Issue: {ISSUE}. Relevant production and test files in full or focused excerpts: {FILES}. Test harness and candidate file location: {TEST_HARNESS}. Conventions: {CONVENTIONS}. Confirm or refute. Return VALIDATED: with concrete evidence: changed behavior, realistic regression, existing test gap or absence, public path the new or changed test should exercise, why this is the minimal maintainable test location, and score 0–100. Anything that does not catch a named realistic bug scores under 80.

A validator response is invalid if it is empty, whitespace-only, truncated, or missing VALIDATED: with a score and evidence. Retry invalid validator output once with smaller focused production/test excerpts. If it is still invalid, stop with Review inconclusive. Drop every candidate below 80.
Implement only validated improvements. Validated improvements are mandatory edits, not suggestions: modify existing tests or add new test code at the narrowest useful seam. Prefer public behavior over private fields or mock call order. When tests exist, strengthen or extend them at the narrowest useful level.

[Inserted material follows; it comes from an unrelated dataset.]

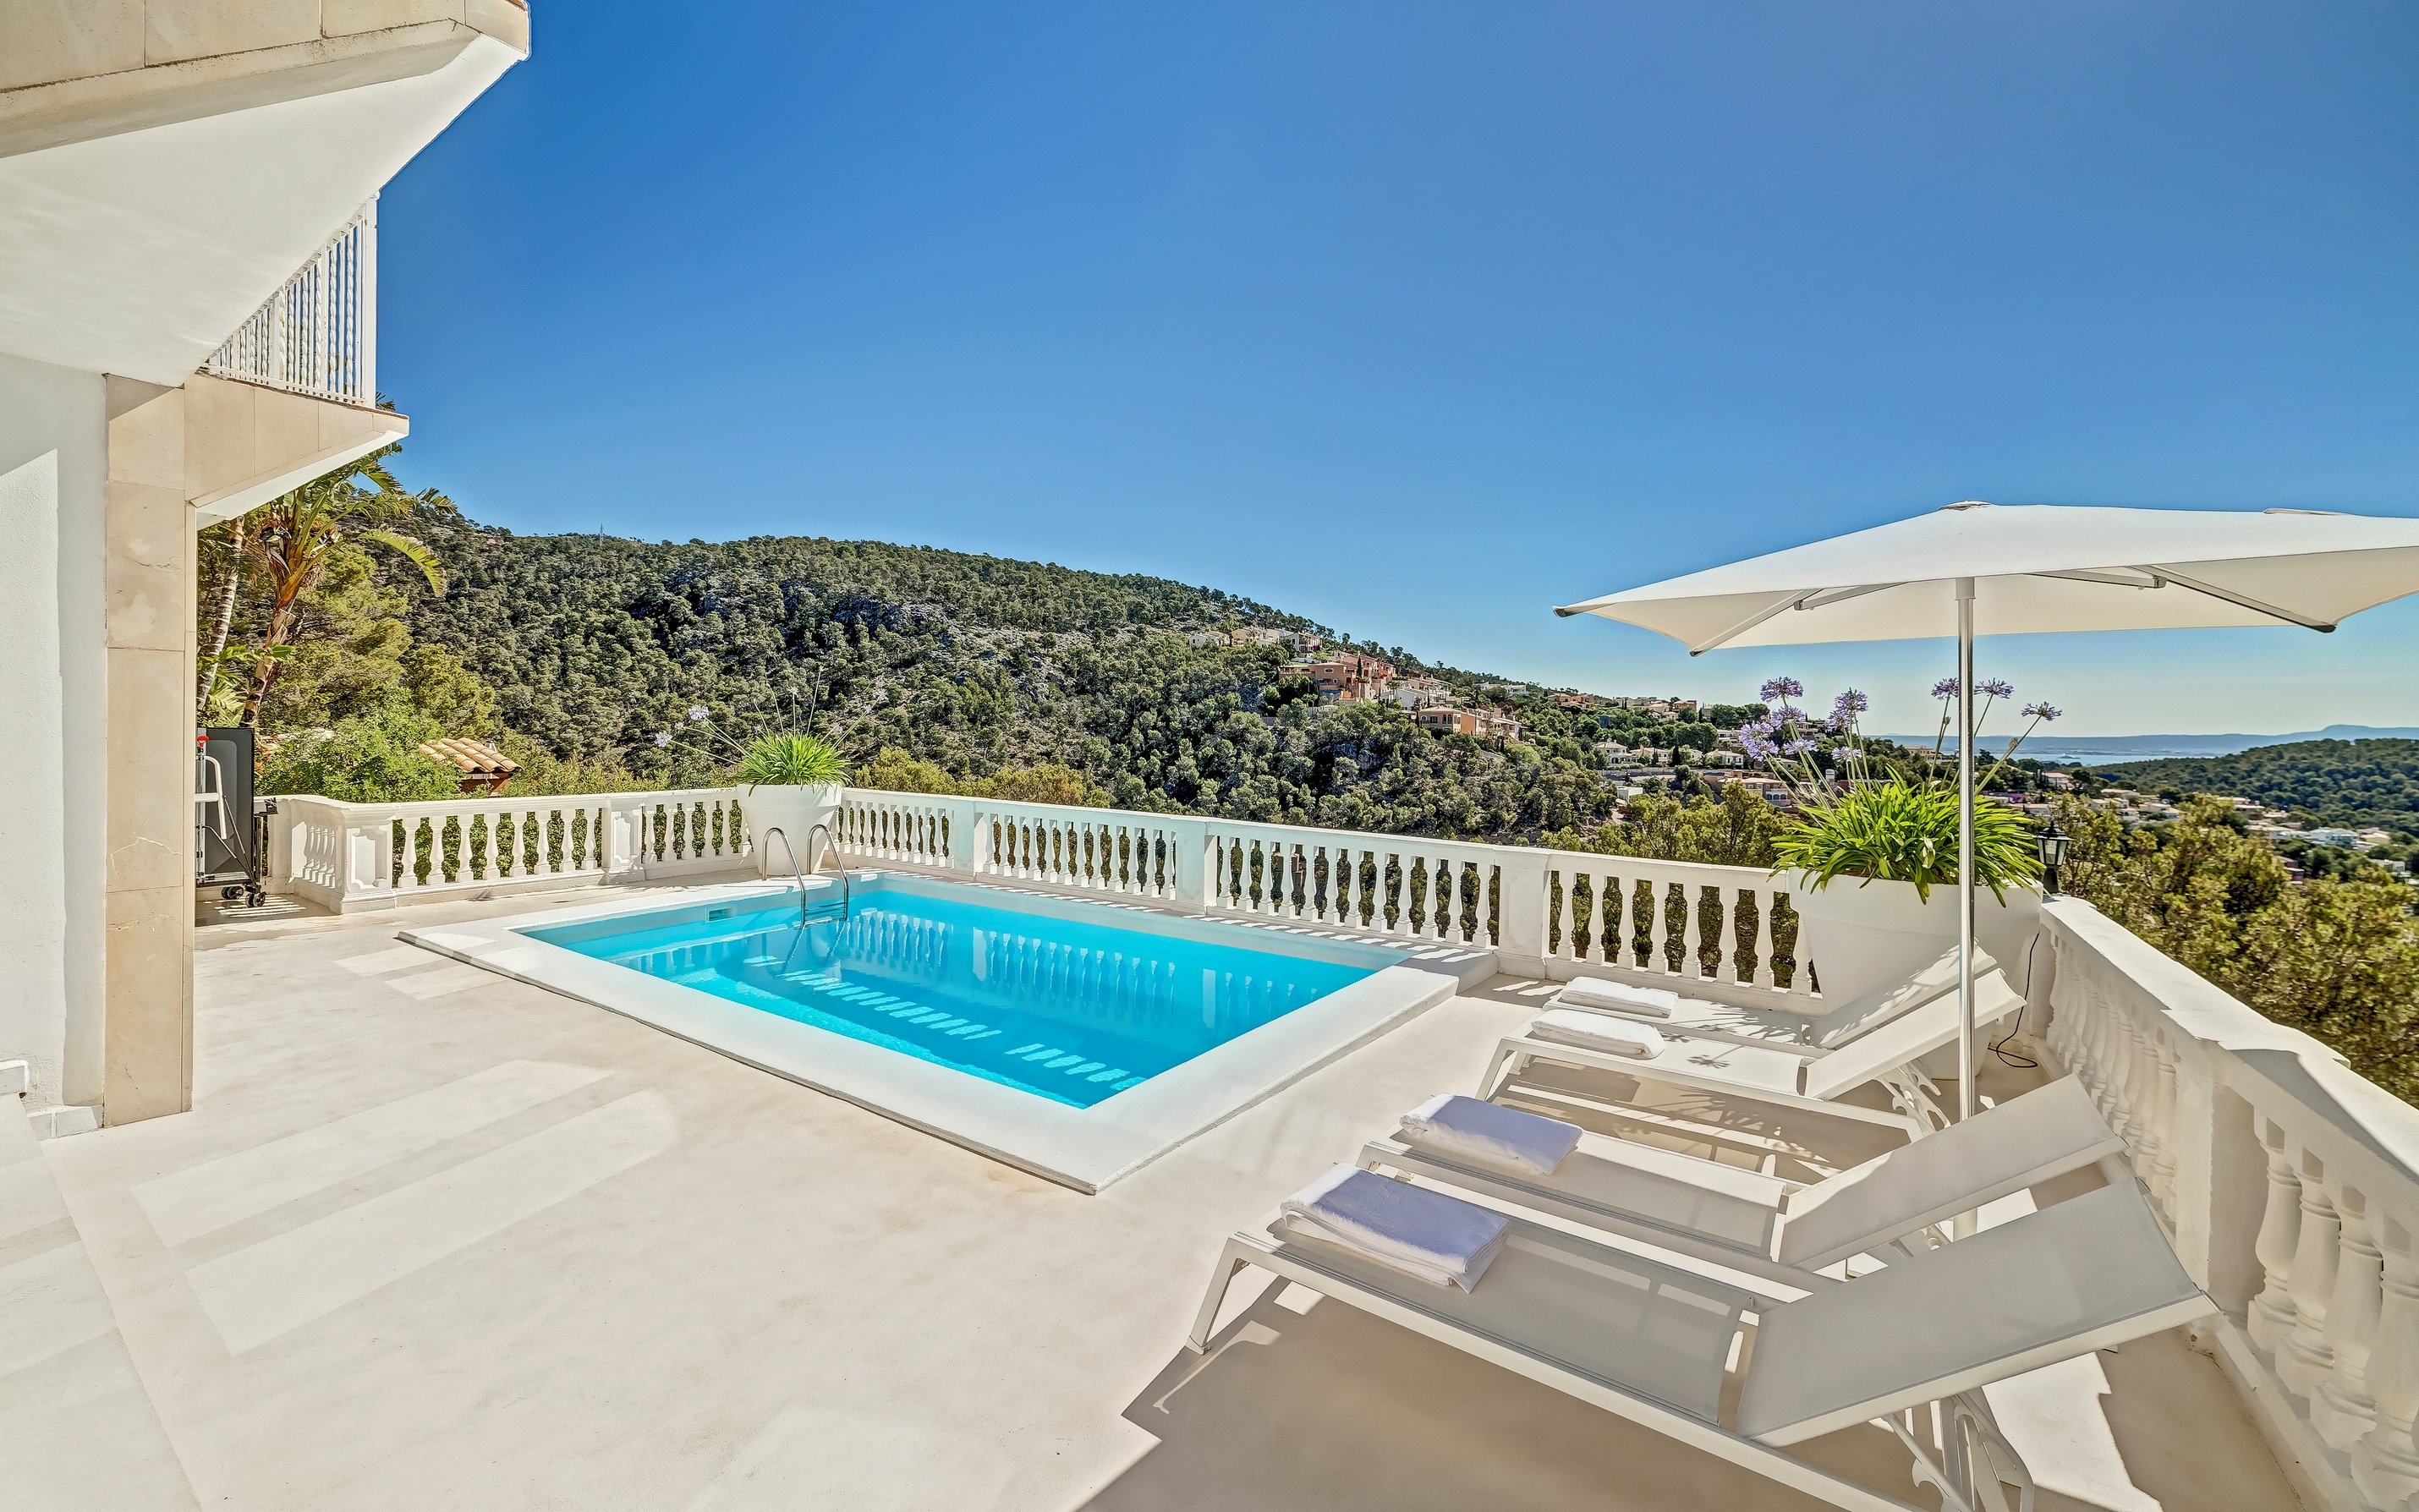 Luxury villa for sale in Costa dén Blanes | 9723 | Mallorca

When no suitable test exists, create the smallest idiomatic test file in the discovered harness that exercises the changed public path end-to-end enough to fail for the named regression. Replace weak assertions with exact observable outcomes. Add edge/failure cases only when tied to real changed paths. Reject tests that only prove mocks, test-only production APIs, or implementation details. If a mock becomes more complex than the behavior, prefer a public seam or integration path. Skip trivial getters, generated code, framework boilerplate, style conventions, and broad coverage goals.
Run checks. Run the targeted tests that prove each improvement, then the broader relevant check when available. If no check applies, say why.
Report. If any reviewer or validator returned invalid output after retry, output Review inconclusive and the failed role. For each touched test, output:

<file>::<test_name> — catches <named bug> via <public path> — <command> -> <result>

If no validated improvement exists, output no test changes justified and one short sentence naming the reviewed behavior surface.

Never add tests that only lock in implementation details. Never weaken, skip, delete, or baseline existing checks to get green.